By Meg Walsh for MIFTAH
http://www.miftah.org/Display.cfm?DocId=23614&CategoryId=13
It feels like my surroundings are rapidly closing in on me. The metal bars in which I am enclosed are ugly and the ground is littered with trash. Desperate children are trying to sell me gum and candy. Candy is the last thing I want right now; I want to escape. Bodies are pressing up against me as people struggle to make it through the revolving gate that only lets a few through at a time. If I am not aggressive, I will never get through. A teenage boy is getting yelled at by a soldier for some unknown reason, and a father is denied although his wife and children are granted passage. An old man in the car lane is taking out his groceries one by one from his trunk as a young soldier stands inspecting, finger on the trigger. Cars are backed up and people are getting impatient. I am angry.
I must pass through the checkpoint every time I wish to enter Jerusalem from Ramallah, even though east Jerusalem is Palestinian territory. I have to answer the familiar questions such as “What were you doing in the West Bank?” or “Do you have any Palestinian friends?” I hate being forced to lie. Having Palestinian friends should not be looked at as criminal. And I hate that they almost – almost make me feel that I am truly doing something wrong. Most of all, I hate the way the Palestinians are treated, and although I am uncomfortable, chances are I will get through without much problem. Their reality is much different. Any random checkpoint encounter could mean harassment, detainment, or worse. It seems to mostly depend on the mood of the soldier.
I had underestimated the anger and anxiety that I would feel in these scenarios. Some people around me appear visibly upset while others just look bored. Because of the freedom that I have enjoyed my entire life, I refuse to accept this dehumanizing process. As I stand there, I vow to never adjust, to never become desensitized to this. For me, that would signal complicity in the face of the injustice that is occurring: a complete domination of one group of people over another—a betrayal of humanity. Threat levels are determined by the color of your ID card and the language that you speak. I will not thank the soldiers when they return my passport. I will not grant legitimacy to their role by acting like they are doing me a favor. I will not be forced to equate human rights with privilege.
When they ask, I tell the interrogators that I have been in the city of Nablus, visiting Jacob’s Well, which is the biblical site where Jesus is believed to have had encountered a Samaritan woman. This falls in line with my Christian tourism story that most visitors have to use if they are planning on having any contact with Palestinians. Although with suspicious looks, I am allowed to pass through the gates with the others like herded animals.
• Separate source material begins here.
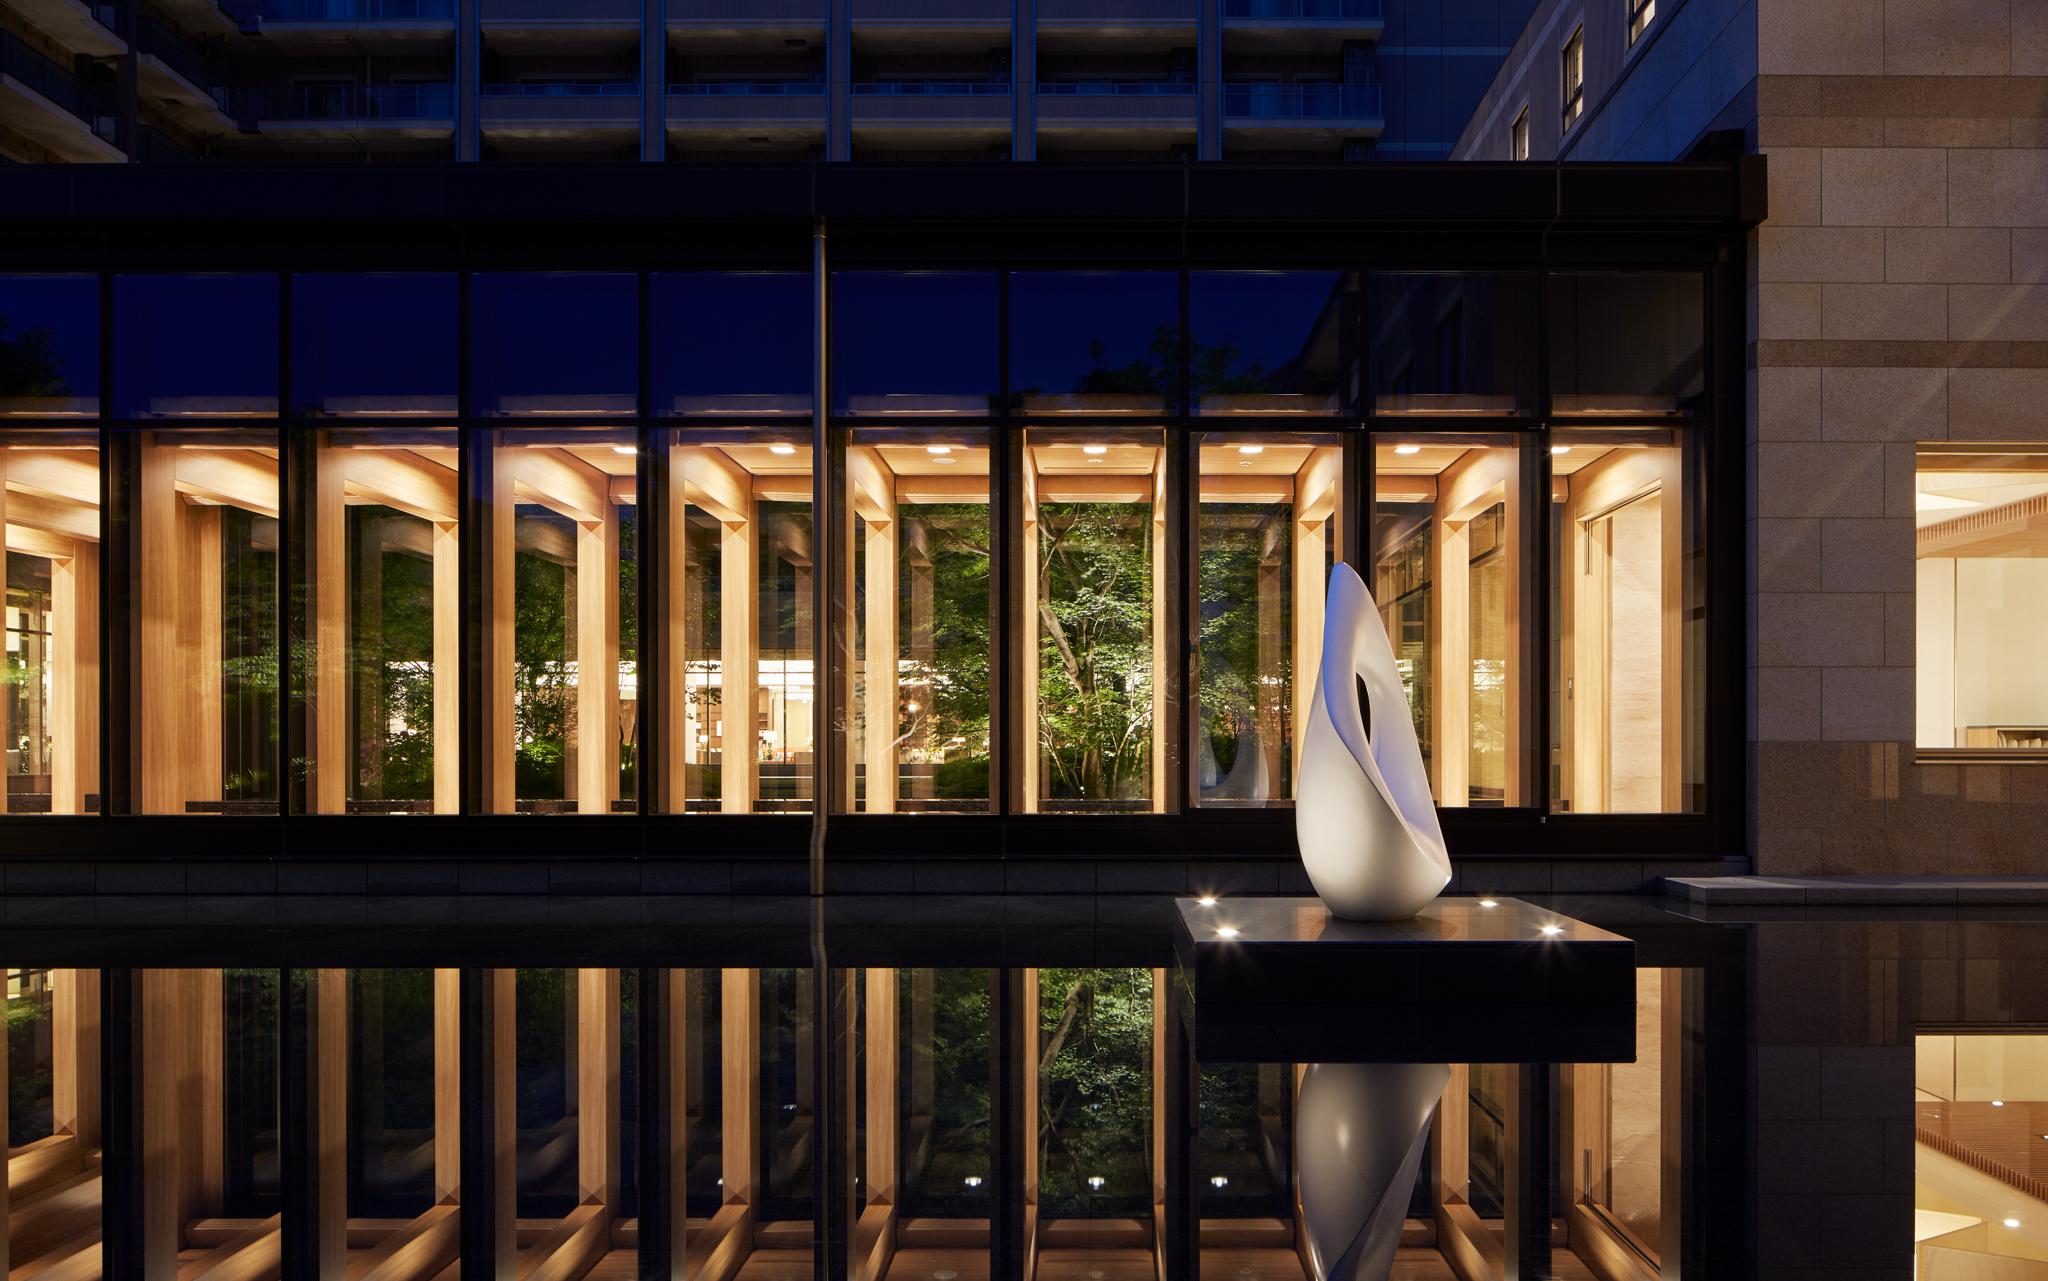 Sun City Exterior  Richard Beard Architects  Tachikawa, Japan     Return to Projects

When you witness the policies that are in place and the apartheid system that is occurring, it is hard to stay outside the cycle of hatred. It is hard to see the ‘other’, the one who is enforcing the rules, as human—they become robots, trapped inside a system that teaches you to follow orders, not to ask questions. It denies all natural laws of humanity, so the challenge then becomes to stay human in an inhuman situation. People are not meant to be kept in cages, both figuratively and literally, and race and religion should not be prioritized. The ironies are many in this ‘Holy Land’.
But how do I communicate to others what I have seen and felt when most people choose the comfort of ignorance over awareness in our unjust world? If words could accurately describe this oppression, I do not believe it would be allowed to continue unchecked. The gap between words and lived experience is vast, and those who may actually have the power to change things may never understand the reality—the reality of the nightmare that is occupation. It was only through my experience in this region that I was ultimately changed. It was from looking it in the eye, from feeling powerless, from experiencing a fear that the unexpected could happen at any given moment.
In Palestine, where most days I feel useless rather than useful, I still somehow feel that I have to be here no matter how outside of my comfort zone it lies. I cannot continue to be complicit or neutral, because I have seen what that means in this conflict and how collective apathy has embarrassingly allowed the occupation of Palestine to continue for 44 years. I am standing on a bridge between two worlds—one in which the powerful are silent, and the other in which the powerless are screaming, yet ignored. It is through this paradox that I am seeking answers. And some degree of hope.